Reduce the memory usage when loading a file in pandas

When we load a file into a pandas DataFrame object, we may find that it consumes more memory than we thought. There are two reasons for this:

  • Some unnecessary fields are also loaded.
  • The default field types are the most memory-consuming, e.g., int64 is the default type for integer field.

Reduce memory by loading selected columns

The first method is to load some fields, but not all of them. For example, we are trying to load a CSV file by read_csv. By default, it loads all fields.
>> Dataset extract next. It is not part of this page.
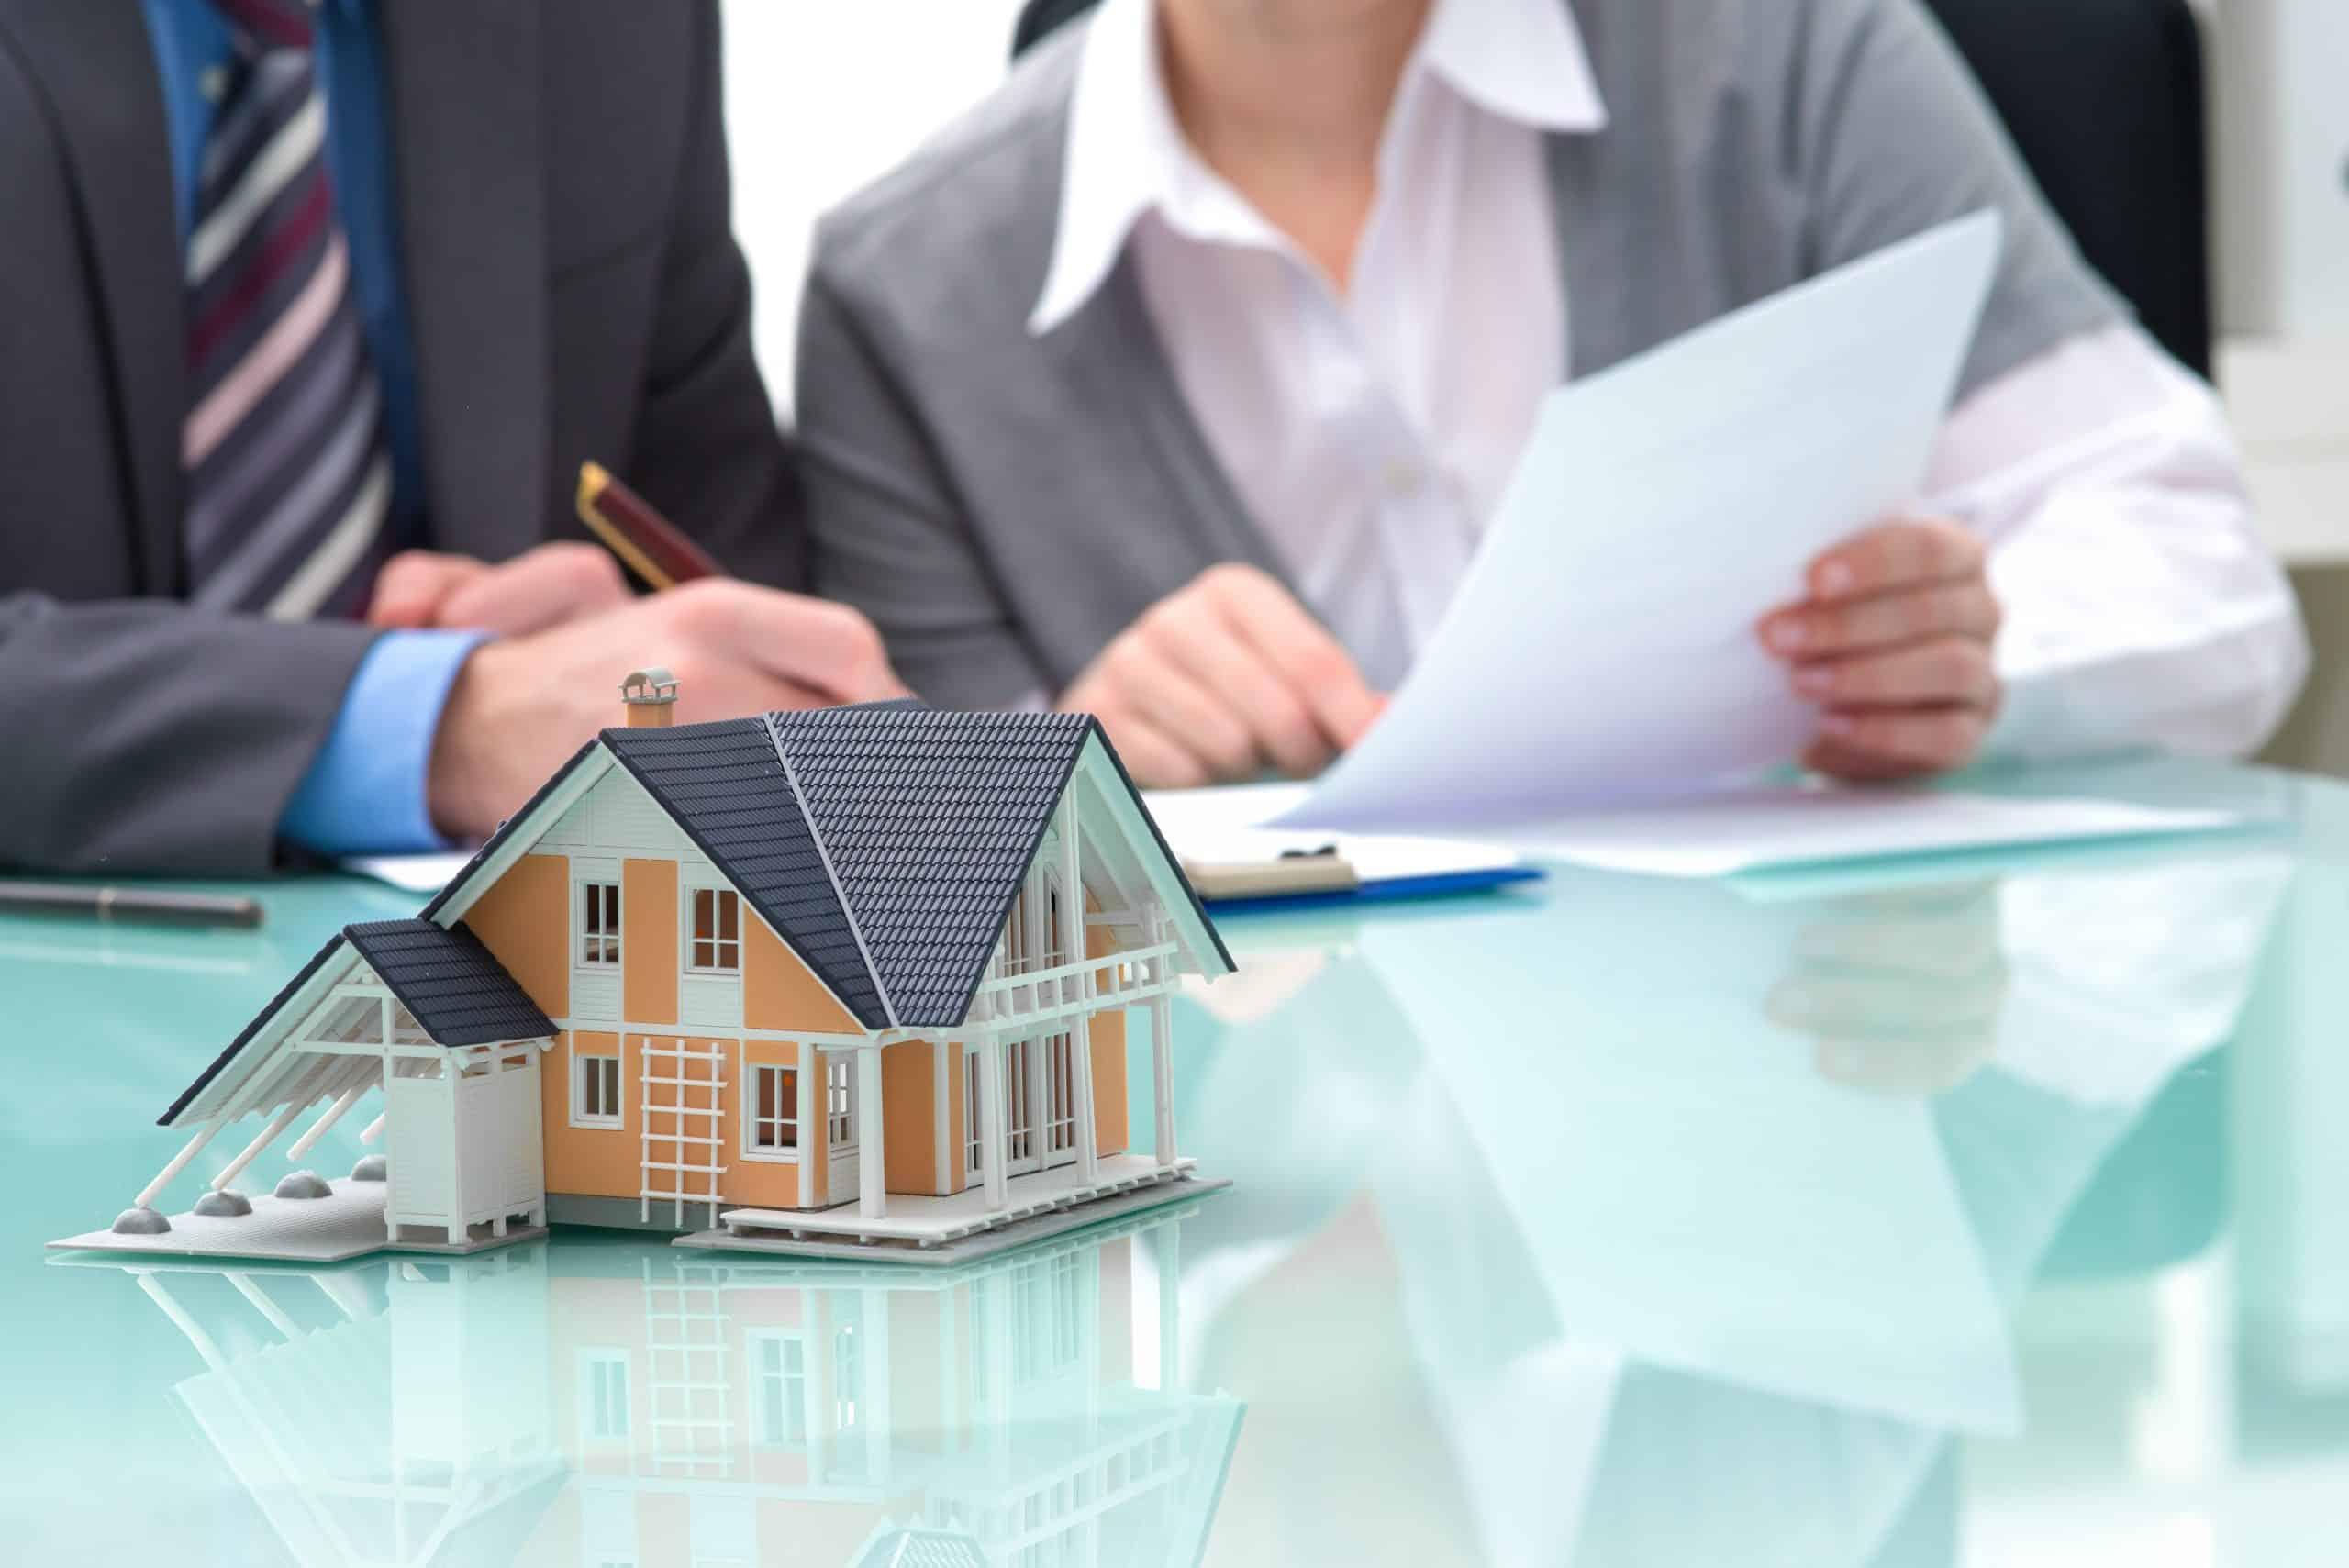 Digitalisierung im Immobilienbereich

However, read_csv allows you to pass the column names to usecols, which means only those columns in this list would be loaded.

import numpy as np
import pandas as pd
import os
# At first, we create a dataset with 20000 rows and 10 columns.
# Meanwhile, we assign 10 column names for these 10 columns.
d = np.random.randint(0, 20, size=(20000, 10))
df = pd.DataFrame(d,
columns=["a", "b", "c", "d", "e", "f", "g", "h", "i", "j"])
# Export this dataset to a csv file with sep=`\t` and without index.
df.to_csv("output/raw.csv", sep='\t', index=False)
# At first, we load all columns from this file.
# Then print the information of this dataframe object.
full_df = pd.read_csv("output/raw.csv", sep='\t')
print(full_df.info())
print("----------------------------------------------------------------")
# Then, we load this file again, but with only 3 fields.
# Then print the information of this dataframe object again.
less_df = pd.read_csv("output/raw.csv", sep='\t', usecols=["a", "b", "c"])
print(less_df.info())
os.remove("output/raw.csv")

As you can see from the output of this code widget:

  • The memory usage of the first DataFrame object (output of line 17) is 1.5MB.
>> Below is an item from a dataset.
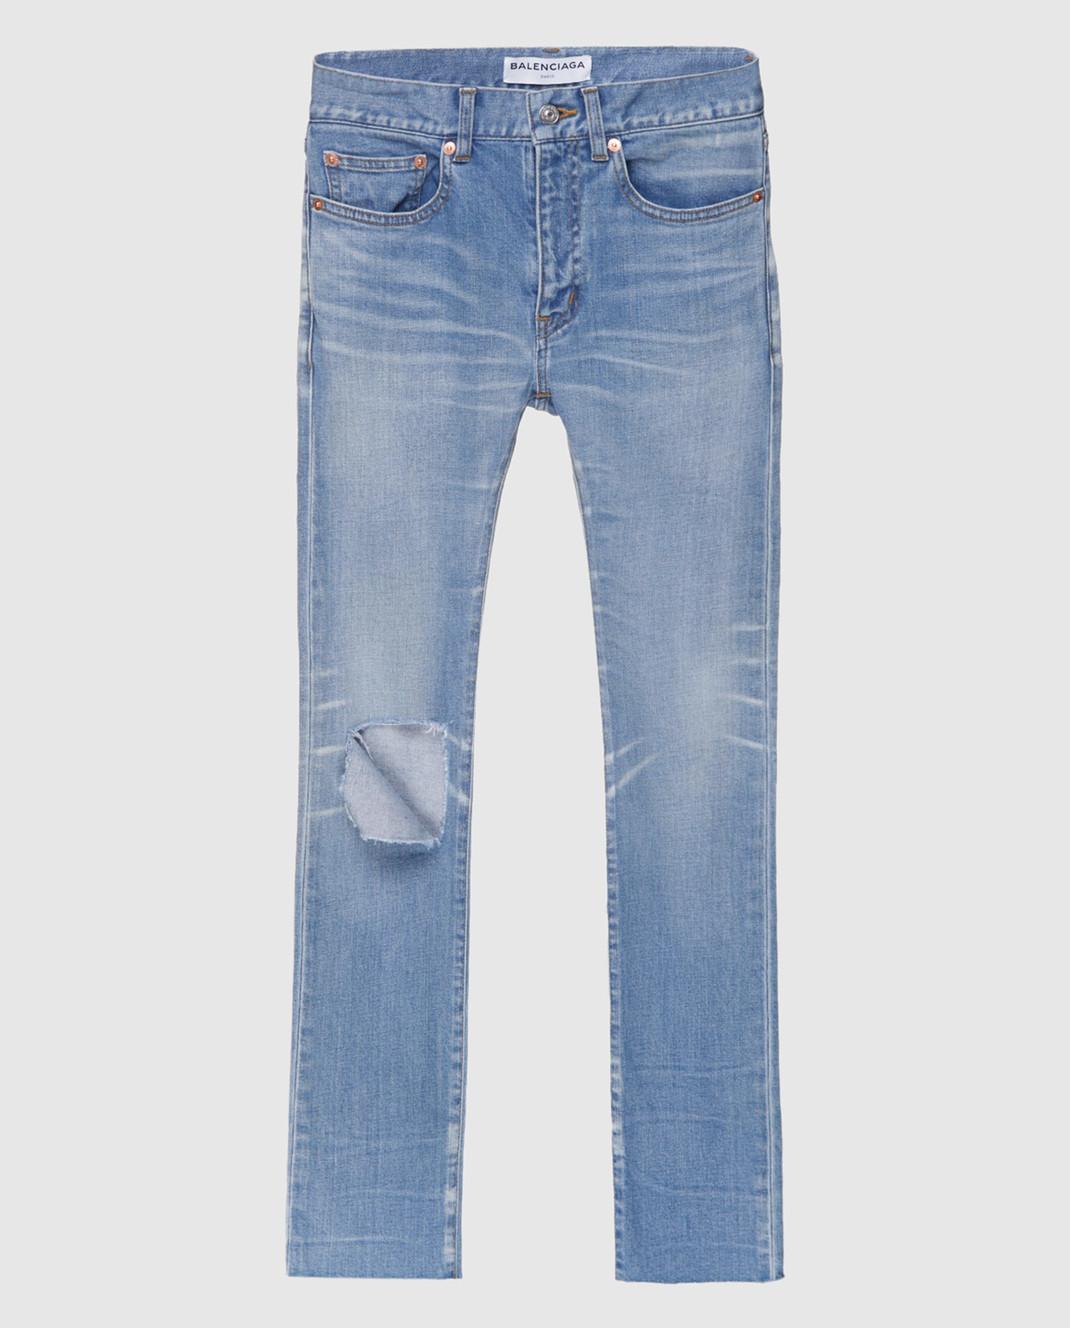 Balenciaga Голубые джинсы изображение 1

  • The memory usage of the second DataFrame object (output of line 24) is 46BKB, which is about a third.

Notice: Because of the limitation of this site, I can’t create a dataset with too much size. However, from the output of the last example, choosing selected columns can reduce memory usage greatly, if your dataset is h​uge.
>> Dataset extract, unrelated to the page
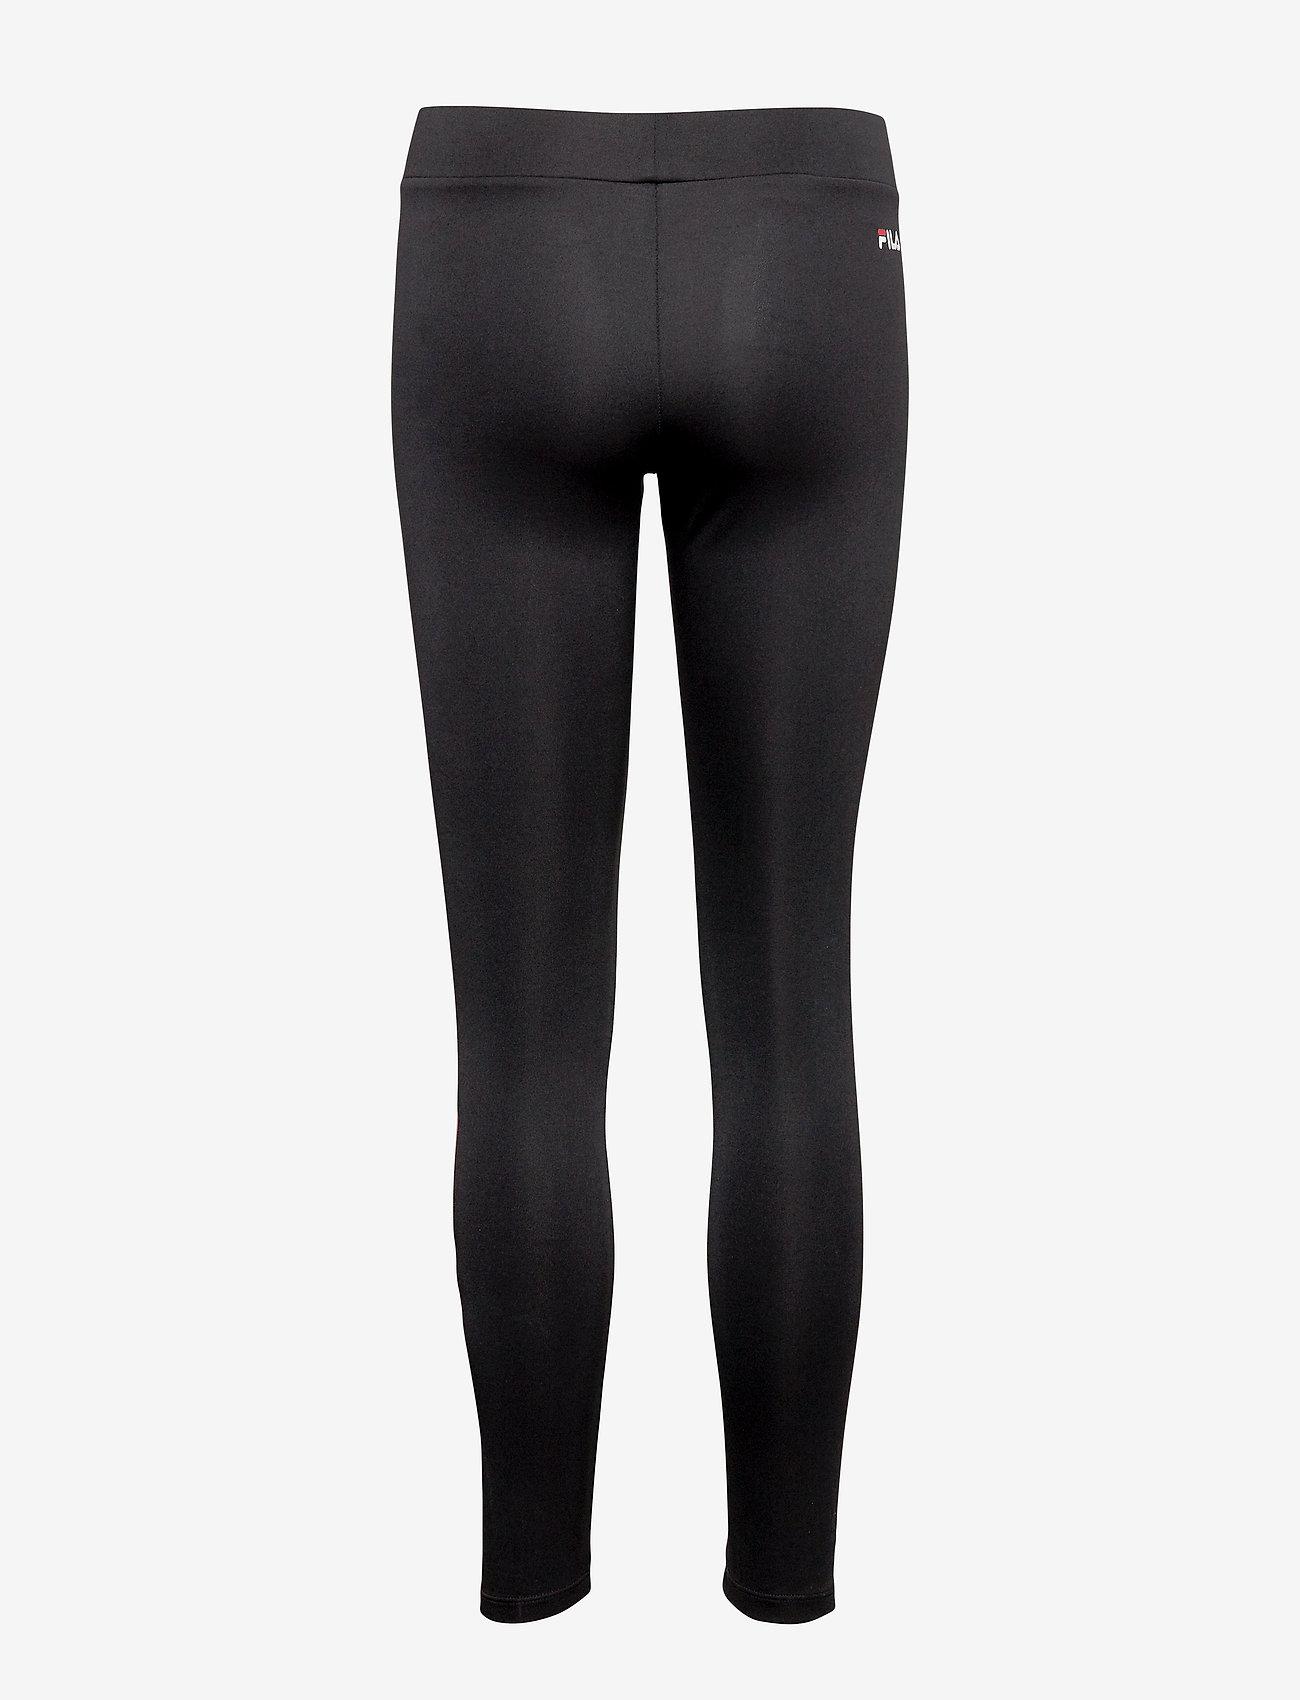 FILA - WOMEN FLEX 2.0 leggings - leggings - black - 1

Reduce memory by specifying column types

The second method is to specify the type of each column. The read_csv allows you to pass a dict (the key is the column name, value is the type) to dtype. In this example, all data value is between 0 and 20, however, the default type is int64a signed 64-bit integer. Obviously, for such data, the uint8an unsigned 8-bit integer type is sufficient.

import numpy as np
import pandas as pd
import os
# At first, we create a dataset with 20000 rows and 10 columns.
# Meanwhile, we assign 10 column names for these 10 columns.
d = np.random.randint(0, 20, size=(20000, 10))
df = pd.DataFrame(d,
columns=["a", "b", "c", "d", "e", "f", "g", "h", "i", "j"])
# Export this dataset to a csv file with sep=`\t` and without index.
df.to_csv("output/raw.csv", sep='\t', index=False)
# At first, we load all columns from this file.
# Then print the information of this dataframe object.
full_df = pd.read_csv("output/raw.csv", sep='\t')
print(full_df.info())
print("----------------------------------------------------------------")
# Specify data type for each column.
# The key is column name, value is data type
dtype = {
"a": 'uint8',
"b": 'uint8',
"c": 'uint8',
"d": 'uint8',
"e": 'uint8',
"f": 'uint8',
"9": 'uint8',
"h": 'uint8',
"i": 'uint8',
"j": 'uint8'
}
# Then, we load this file again, but specify the data type for each column.
# Then print the information of this dataframe object again.
less_df = pd.read_csv("output/raw.csv", sep='\t', dtype=dtype)
print(less_df.info())
os.remove("output/raw.csv")

As you can see from the output of this code widget:

  • The memory usage of the first DataFrame object (output of line 17) is 1.5MB.

  • The memory usage of the second DataFrame object (output of line 38) is 332KB, which is about a fifth.